Choose the Right Bank for Your Small Business

Not all banks are created equal when it comes to serving small business clients. The bank you use for your personal checking account may not be the best fit for your business finances. Here are some factors to consider when choosing a bank for your small business:

Local bank vs. national bank

Local and community banks are often able to provide more personalized service and more flexible lending options. Meanwhile, large national banks may offer more advanced digital services and a wider ATM network.

Business-specific products

Look for a bank that offers small business checking accounts, small business loans, merchant services, payroll services, and other products targeted to entrepreneurs.

Fees

Compare monthly maintenance fees, transaction fees, wire transfer fees, and fees for services like cash deposits and withdrawals.
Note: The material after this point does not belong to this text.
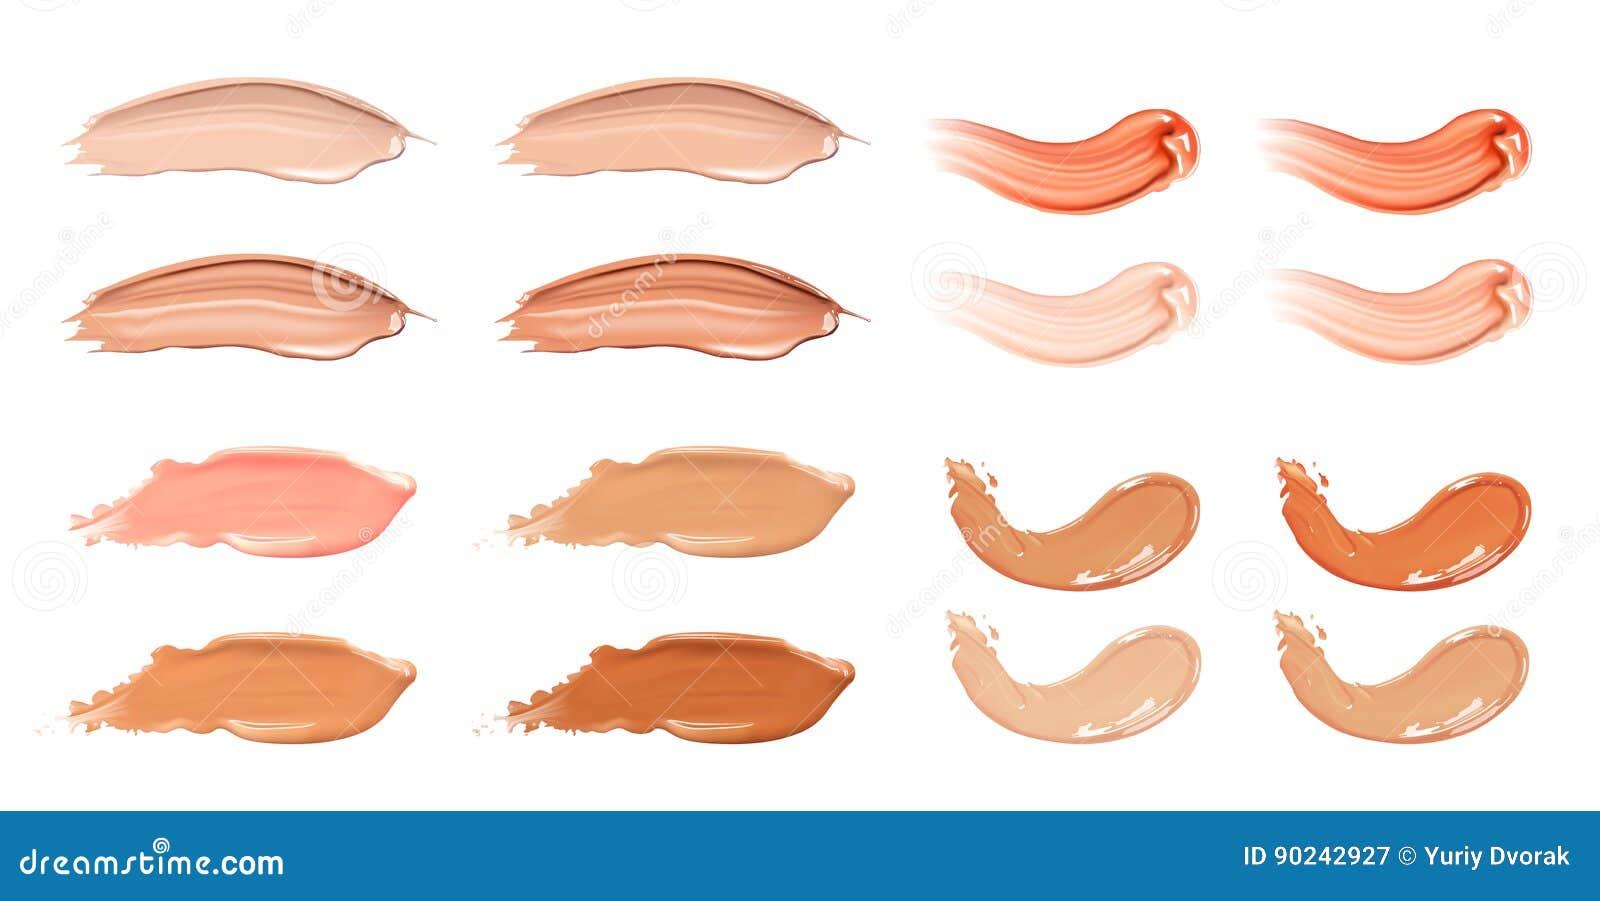 Grupo de creme líquido cosmético da fundação ou do caramelo em cursos diferentes da mancha do borrão da cor Compõe as manchas iso

Try to minimize fees.

Interest rates

For savings accounts or certificates of deposit, choose a bank that offers competitive interest rates.

Access to branches and ATMs

Having access to physical branches and ATMs can be helpful for making deposits, seeking advice, and managing cash flow.

Digital banking services

Many small business owners manage their banking entirely through online and mobile apps. Make sure your bank has robust digital tools.

Personalized service

Find a bank that assigns you an account manager or representative to handle your unique business needs.

When comparing bank options, you may want to consult reviews and ratings on sites like NerdWallet. Schedule appointments with a few local bank branches to meet with representatives and discuss your business’ needs.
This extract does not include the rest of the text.